7:44 pm on Dec 5, 2018 (gmt 0)

Senior Member from CA 

WebmasterWorld Senior Member 10+ Year Member Top Contributors Of The Month

joined:Nov 25, 2003
posts:1193
votes: 331


As implied above the very first step is to decide which bots (by category or specific) are considered beneficial, neutral, or harmful given your business model and requirements.

Second step is to decide on which to allow/deny in theory. I say 'in theory' because the third step depends just how deep one wants to go down this particular rabbit hole.

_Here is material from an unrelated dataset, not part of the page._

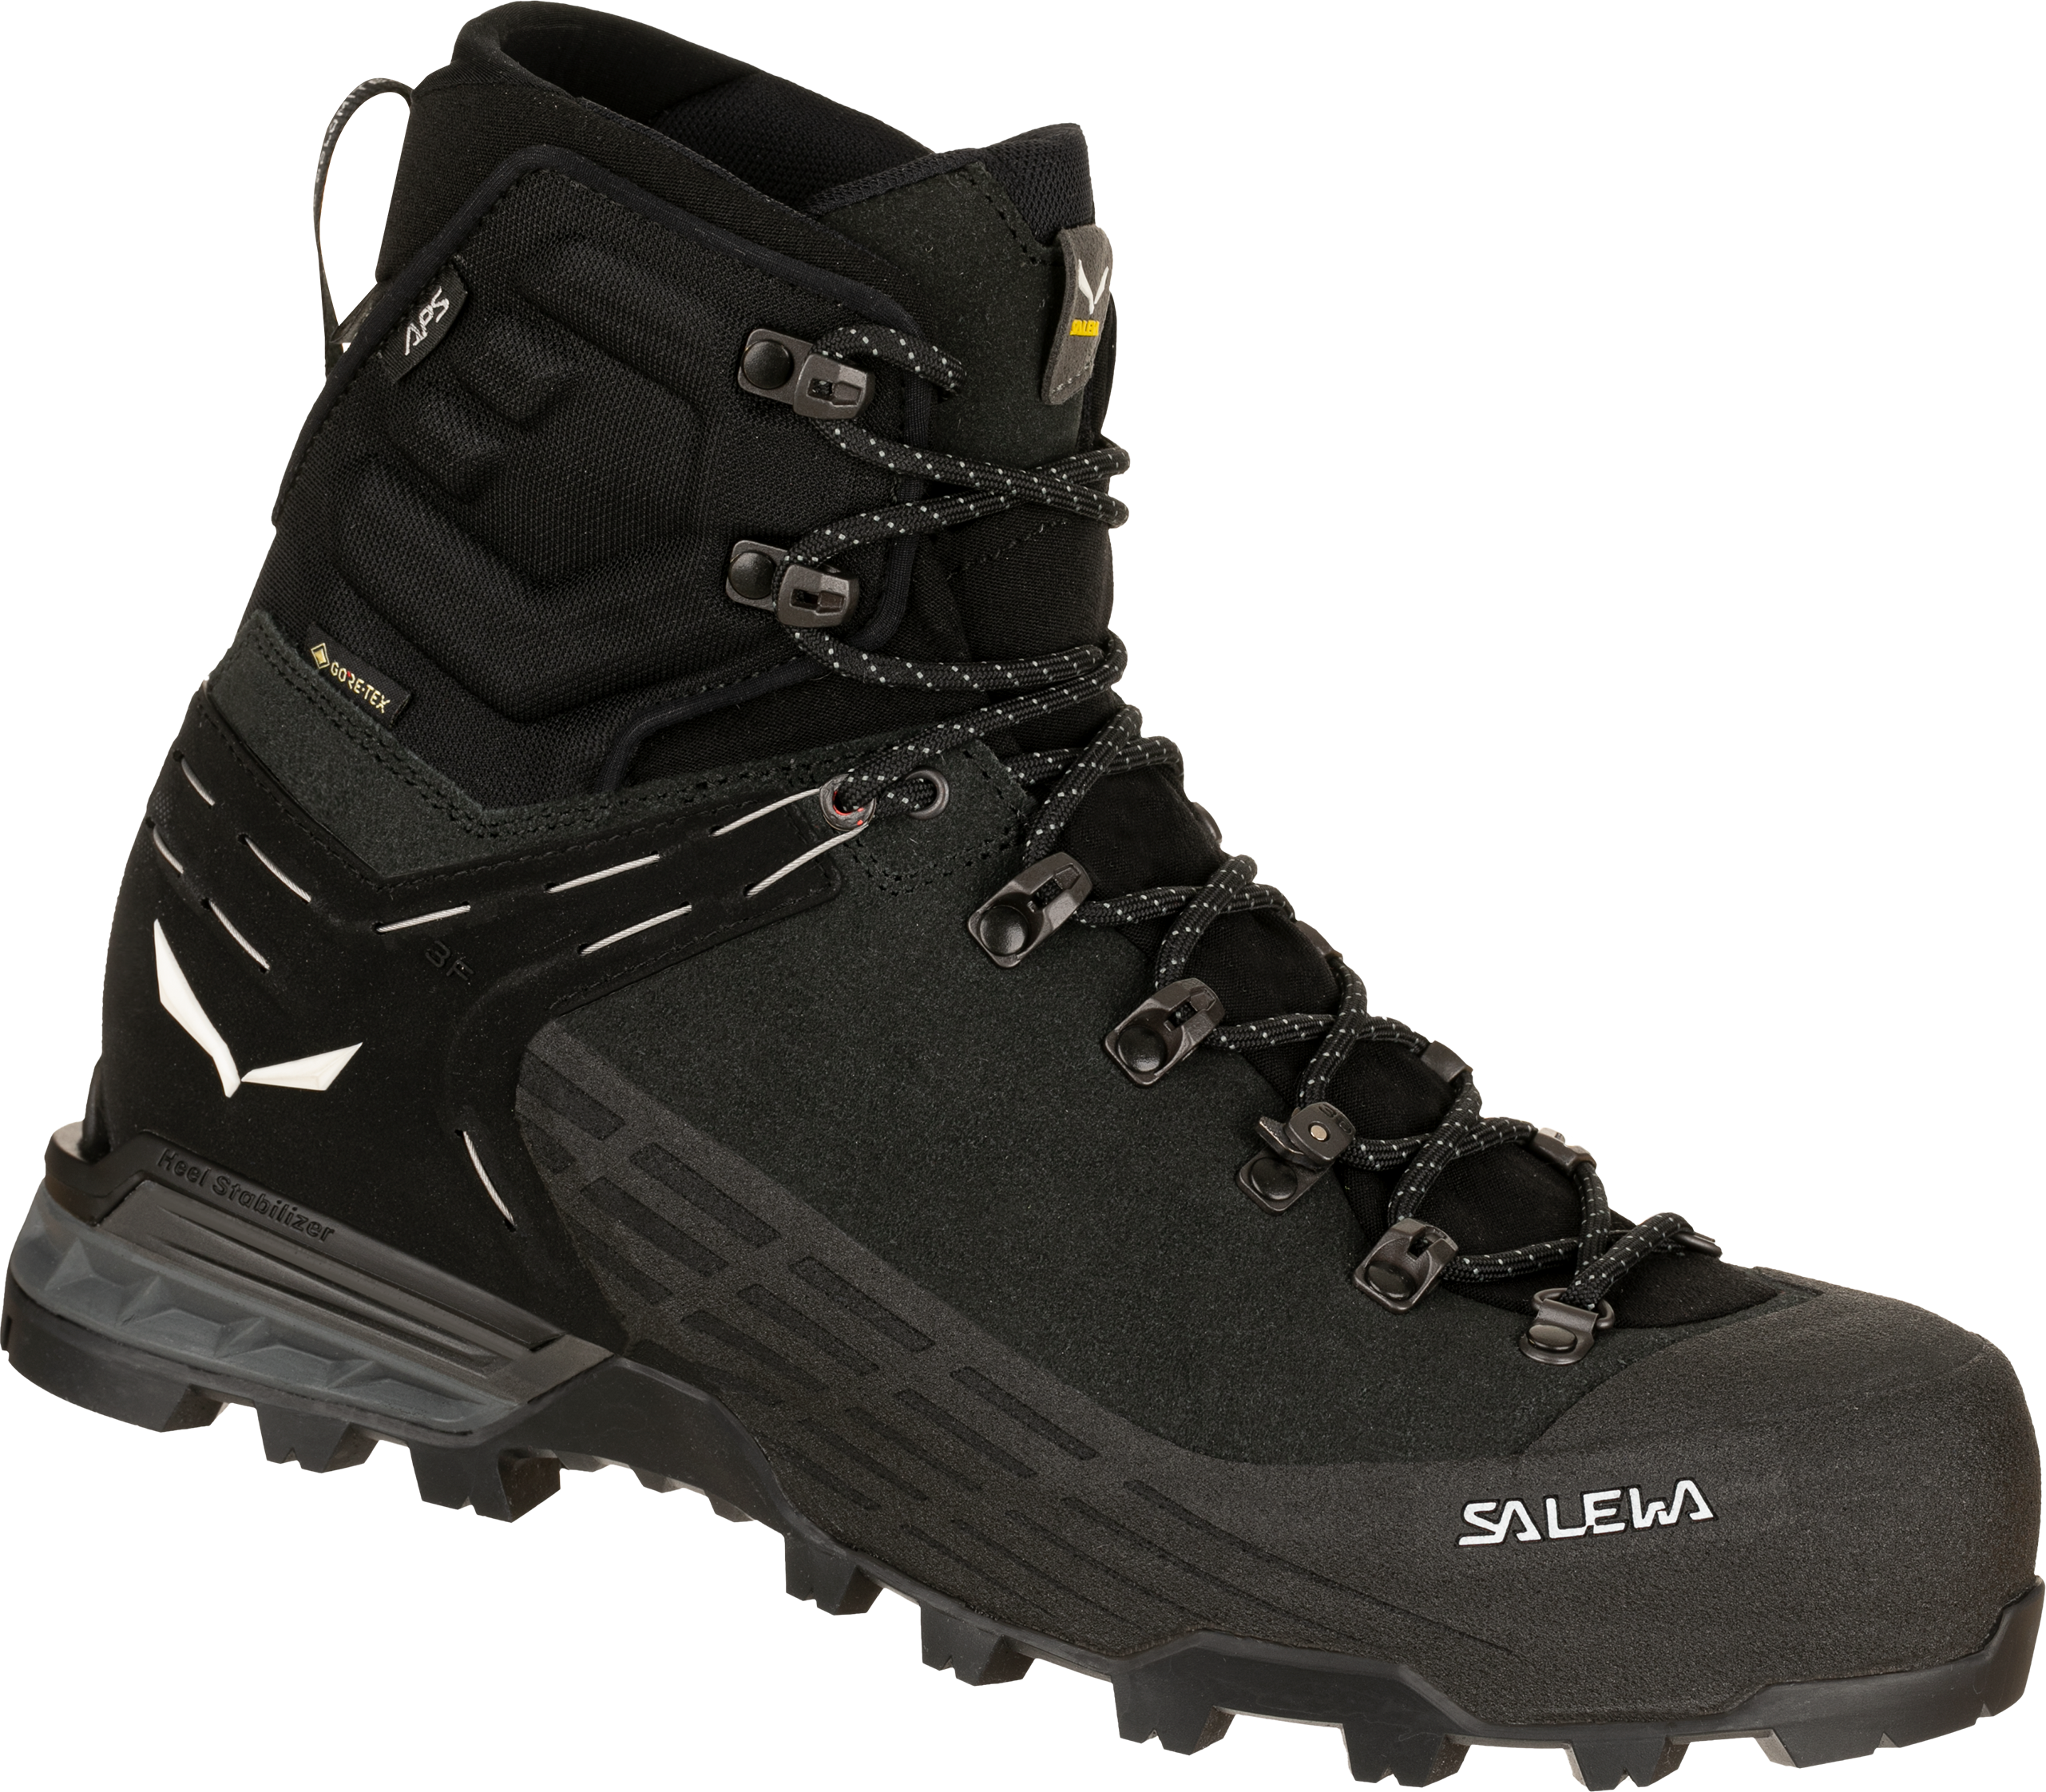 Salewa Women's Ortles Ascent Mid GORE-TEX Boot Black 36.5, Black

In broad strokes the bot war is sort of like each step only getting one half the way there - one is always closer but never all the way. The first 50% is generally easy and simple, however each subsequent 50% of the remainder is exponential harder.

Because I find it fun and because I can I have quite extensive real time bot defences beyond the interest and/or capabilities of most webdevs - and I know, because of content identifiers, that my stuff is still successfully scraped albeit far less than otherwise.

Which is where, as previously mentioned, one can utilise various regulatory weapons such as lawyers letters, DMCA notices, small claims court, etc. depending on circumstances. Do be aware that these options can be time consuming and expensive.

It seriously helps ones case when going the legal route if one has registered ones site/content rather than relying solely on simple publication copyright as
registered copyright typically allows going for damages not just a take down.

A complex subject. As, it seems, is just about everything about doing business online.
2:25 pm on Dec 6, 2018 (gmt 0)

Junior Member

Top Contributors Of The Month

joined:Sept 8, 2016
posts:59
votes: 0


> Really? Your company is blocking Merck?

Merck has hit us, and they've bought from us. Same with Eli Lilly. A lot of those companies have merged over the past 10, 15 years. Thing is, even if they still have huge CIDR assignments, their hits never seem to come from those cidr's. Same with email. (well, maybe back say during 2000 - 2005 their hits and emails came from there, well before I started doing IP-based web blocking. Not any more).